Noam Chomsky, lingüista, filósofo y analista político estadounidense, en noviembre de 2014
El
terrorismo es un concepto difícil de consensuar, cambiante y
frecuentemente polémico, a un grado tal que la comunidad internacional
no ha logrado aún ponerse de acuerdo en cómo definirlo. El concepto de
terrorismo ha llegado a ser tratado con tal nivel de subjetividad que la
celibérrima BBC (British Broadcasting Corporation), el servicio público
de radio y Televisión del Reino Unido, que opera bajo el mandato de una
carta de la corona que teóricamente le garantiza su independencia
frente a controles de tipo político o comercial y siempre ha tratado de
enfatizar su imparcialidad, sugiere en sus manuales de estilo el tratar
de evitar los términos terrorista y terrorismo.
Intentando
abordar a una definición más o menos neutral podríamos decir que se
trata del uso sistemático del terror utilizado por una amplia gama de
organizaciones: gobiernos en el poder; grupos de todo tipo (religiosos,
racistas, colonialistas, independentistas, revolucionarios,
conservadores, etc.; así como también por individuos, con el propósito
de intimidar a ciertos grupos poblacionales, promoviendo de esta forma
el logro de sus objetivos. Es importante entender que el terrorismo se
distingue de los actos de guerra y de los crímenes de guerra en el hecho
de que se produce en medio de la total ausencia de ella.
En
épocas recientes y no tan recientes, sucesivos gobiernos de los Estados
Unidos han proporcionado apoyo de todo tipo a organizaciones
paramilitares y terroristas alrededor del mundo, tal como lo atestigua
el informe final sobre una revisión hecha por la CIA a sus propias
operaciones encubiertas recientes, ordenada por la administración Obama
con el propósito de determinar su efectividad, a raíz de la cual se
concluyó que, por desgracia, los éxitos habían sido tan escasos que era
necesario reconsiderar esa política, en especial la de armar a
insurgentes en todo el mundo, algo que dicha agencia ha venido
practicando a lo largo de sus 71 años de existencia. Pero resulta además
que también han brindado asistencia a numerosos regímenes autoritarios
que han usado el terror como herramienta de represión, un caso tan igual
de grave o más grave aún que el anterior.

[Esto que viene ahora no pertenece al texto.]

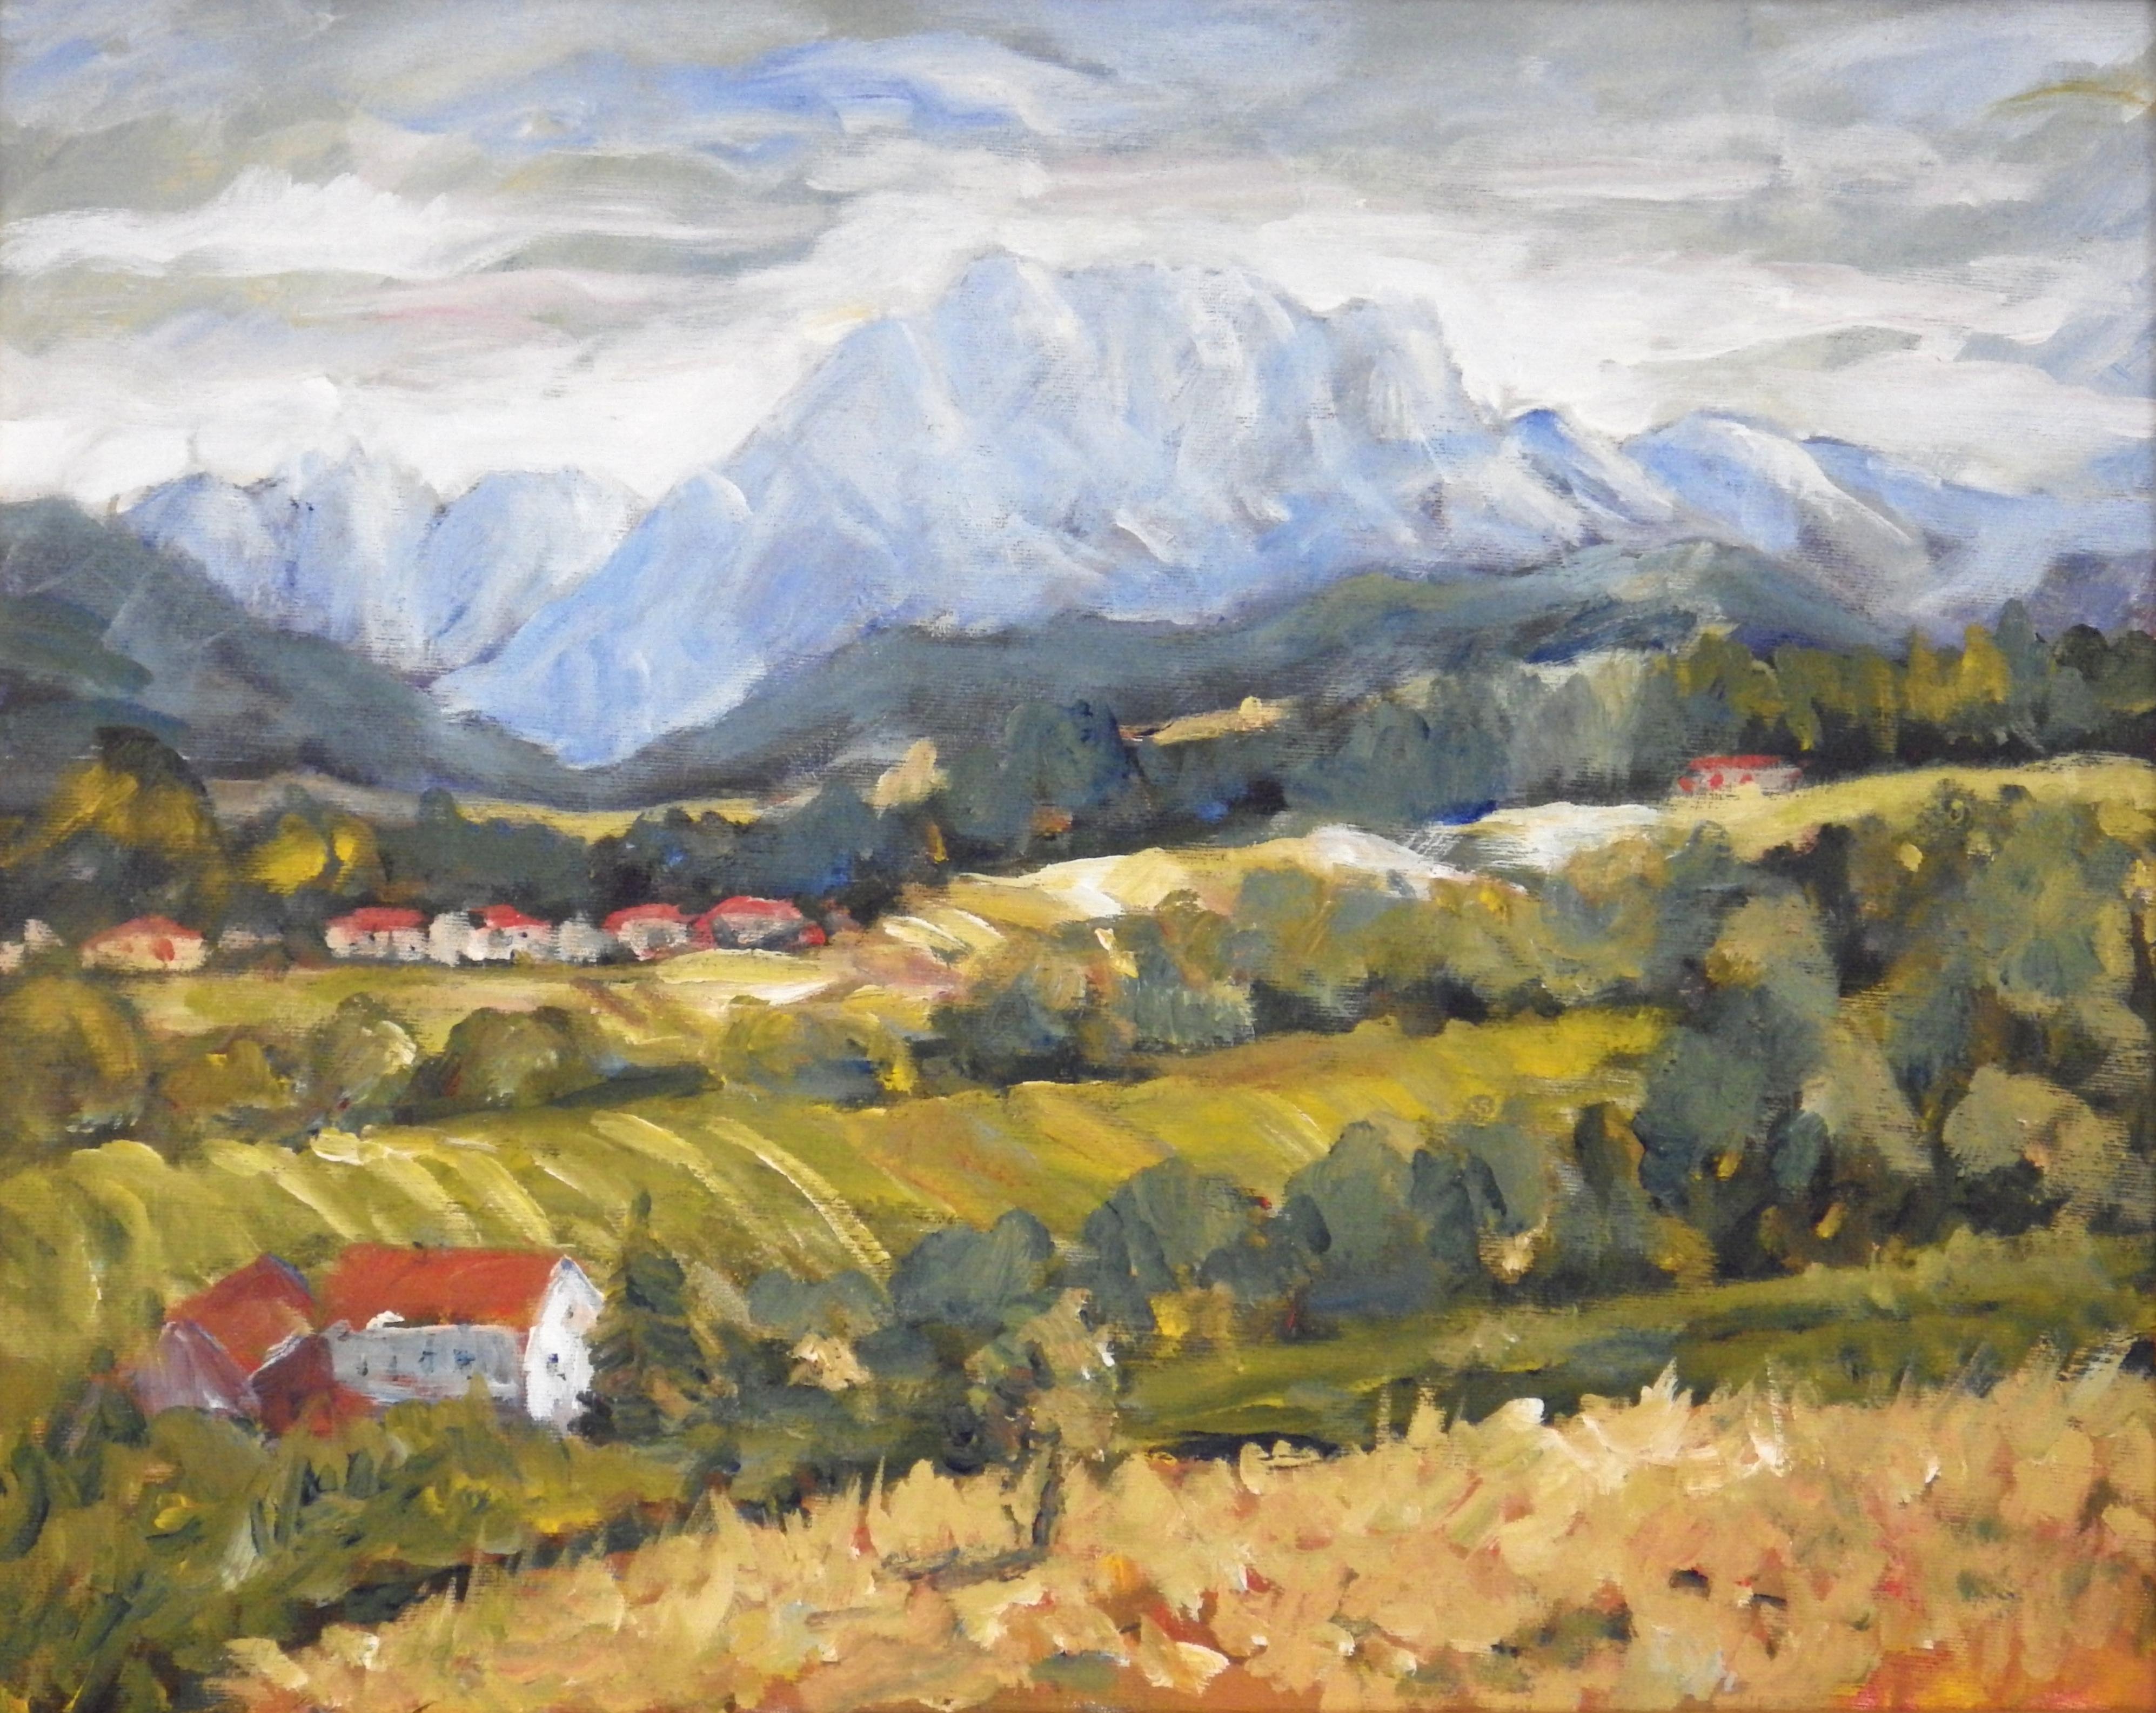 Landscape Painting Ingrid Dohm - Peinture originale d'un paysage impressionniste contemporain sur toile, Autriche, Edt

El diario “The New York Times” fue el primero en destapar el caso de dicha revisión, al publicar un artículo bajo el título de “Estudio de la CIA sobre la ayuda encubierta aviva el escepticismo acerca de ayudar a los rebeldes sirios”, a raíz de lo cual Noam Chomsky, en un artículo publicado en la web “Truthout.org” sugiere su propio titular para el trabajo del NYT que, según él, debería haber sido: “Ya es oficial: Estados Unidos es el principal estado terrorista del mundo, y está orgulloso de serlo” (1).
El
conocido lingüista, filósofo y analista político estadounidense dice
además en ese artículo publicado en noviembre de 2014 que Estados Unidos
es "el estado terrorista número uno", teniendo en cuenta sólo sus mortíferas operaciones dirigidas por la CIA en países como Nicaragua y Cuba, dos de los casos de “ayuda encubierta” mencionados junto con el de Angola en el primer párrafo del artículo del NYT, que a su juicio fueron cada uno una verdadera “operación terrorista llevada a cabo por Estados Unidos".
En
aras de la brevedad y asumiendo como ampliamente conocidos los casos de
Cuba, que incluye acciones terroristas de todo tipo durante estos casi
60 años de revolución, y de Nicaragua, al proveer de armas,
entrenamiento y un importante apoyo financiero y logístico a los “Contras”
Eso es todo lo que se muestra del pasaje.